General High Level of Care

To expedite the review process, be sure to review our medical necessity criteria expectations for admission, continued stay and discharge.

Medical necessity criteria

Below is a general outline that our care managers will follow when reviewing; however depending on the specifics, the care manager may ask for additional information. In some instances, initial authorizations occur via our fast-certification process. This allows us to authorize days upfront with limited clinical information.

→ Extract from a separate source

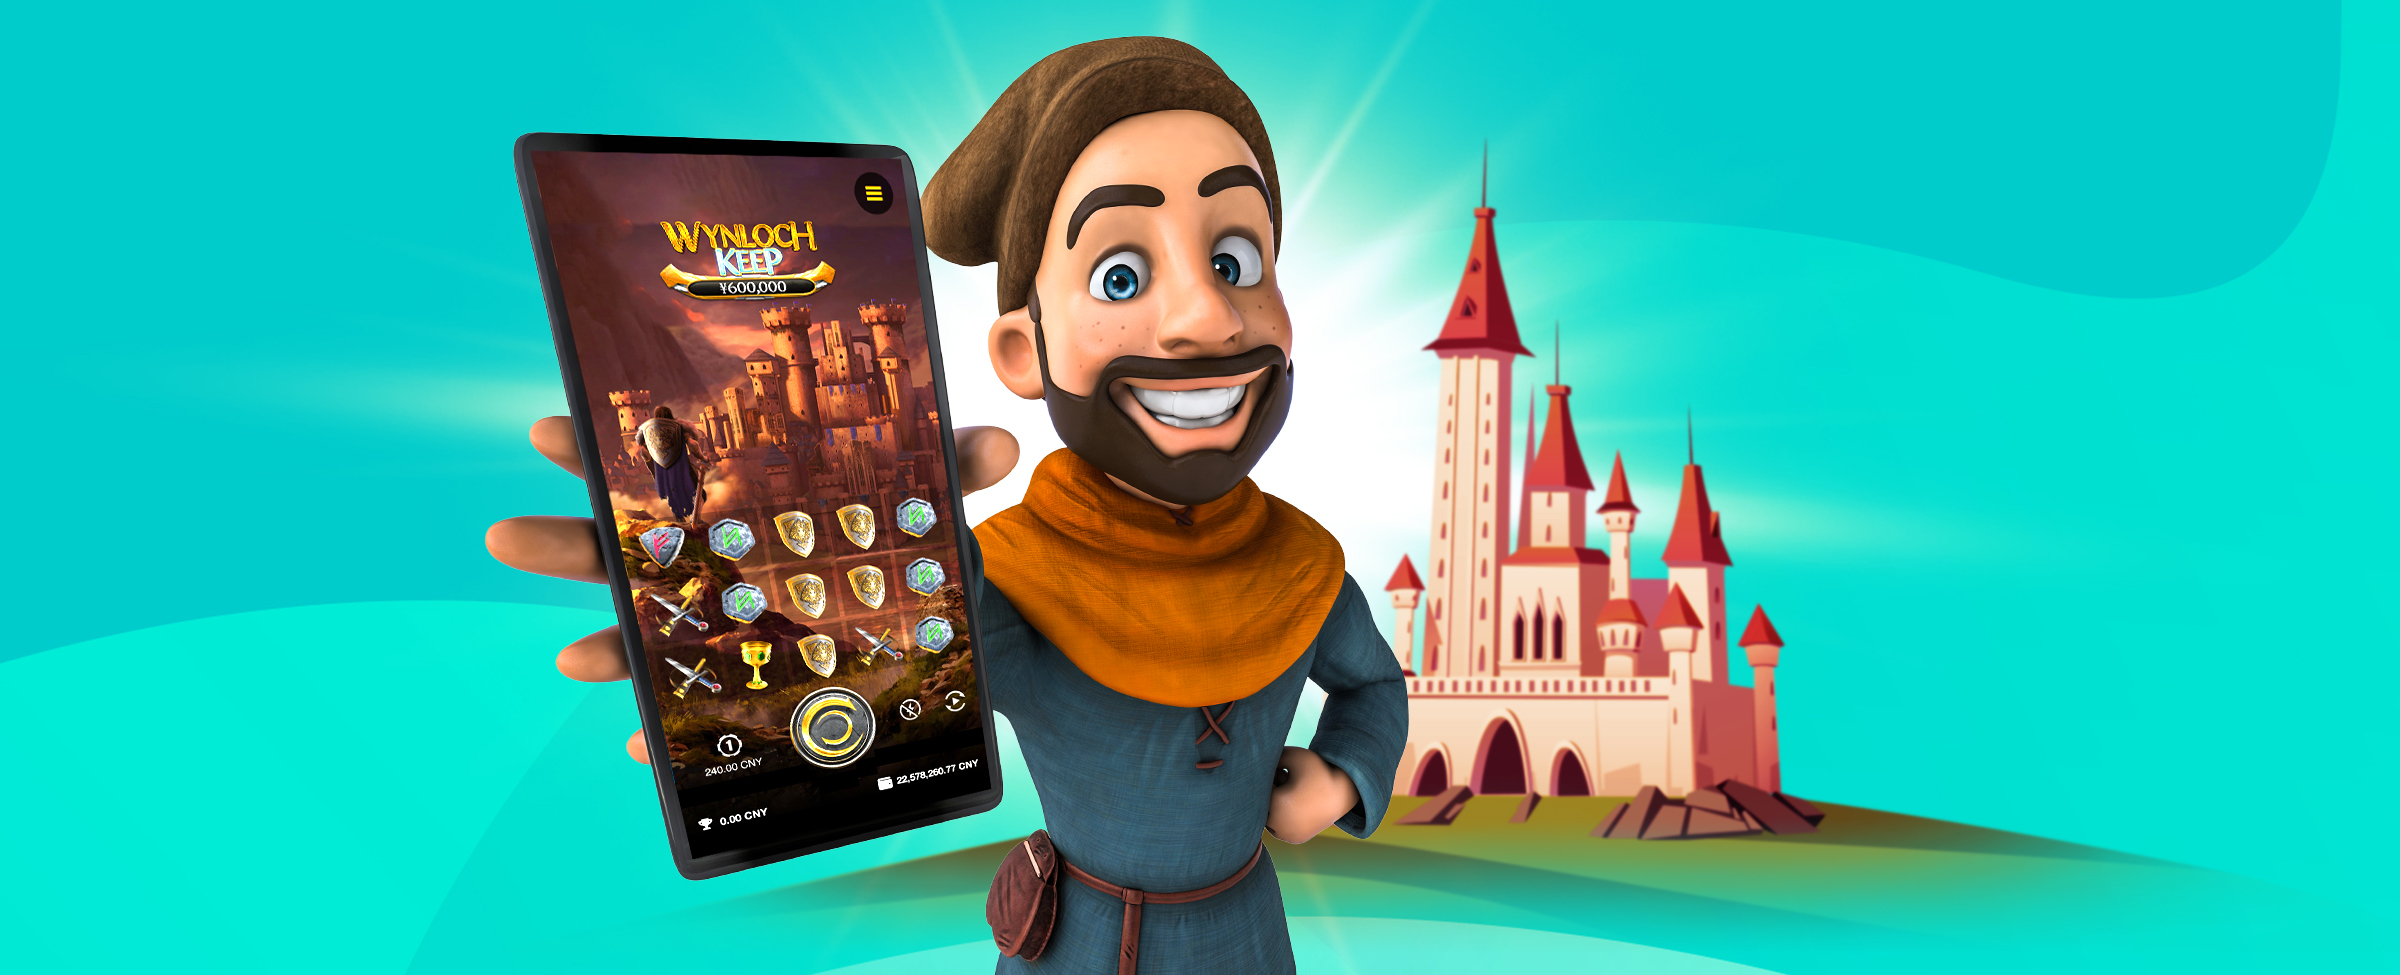 Welcome to our Wynloch Keep game review at SlotsLV. If you’re into fantasy-style slot games, we have one of the best for you to try today. Find out everything you need to know now!

For Concurrent Reviews, Care Managers will then need to obtain all clinical information that was not given during the initial review.

DSM Diagnosis Information

  • Include any Clinical Disorders, Personality Disorders, Intellectual Disability, or General Medical Conditions

Clinical Presentation

  • Reason for admission (MH & SA HX, SU issues, mental health status, stressors)
  • Clinical factors that support your requested level of care
  • Medications: Types, dosage, frequency, titration plan and who prescribed
  • Additional comments and/or concerns about medication use as it relates to the current diagnosis
  • Family/support sessions (when, who, what or why not)
  • Barriers to discharge

Treatment Planning

  • Identify specific and measurable treatment goals and interventions
  • Family sessions
  • If in a Partial Program, describe how patient is using the skills outside of treatment hours

Discharge Planning

  • Identify discharge plan
  • 7-day follow up appointments
  • Identify any barriers to follow-up
  • Has the outpatient provider been notified of the admission?
  • Please provide the discharge information during last review or if no further authorization is needed, you may leave the information on the designated staff’s voicemail.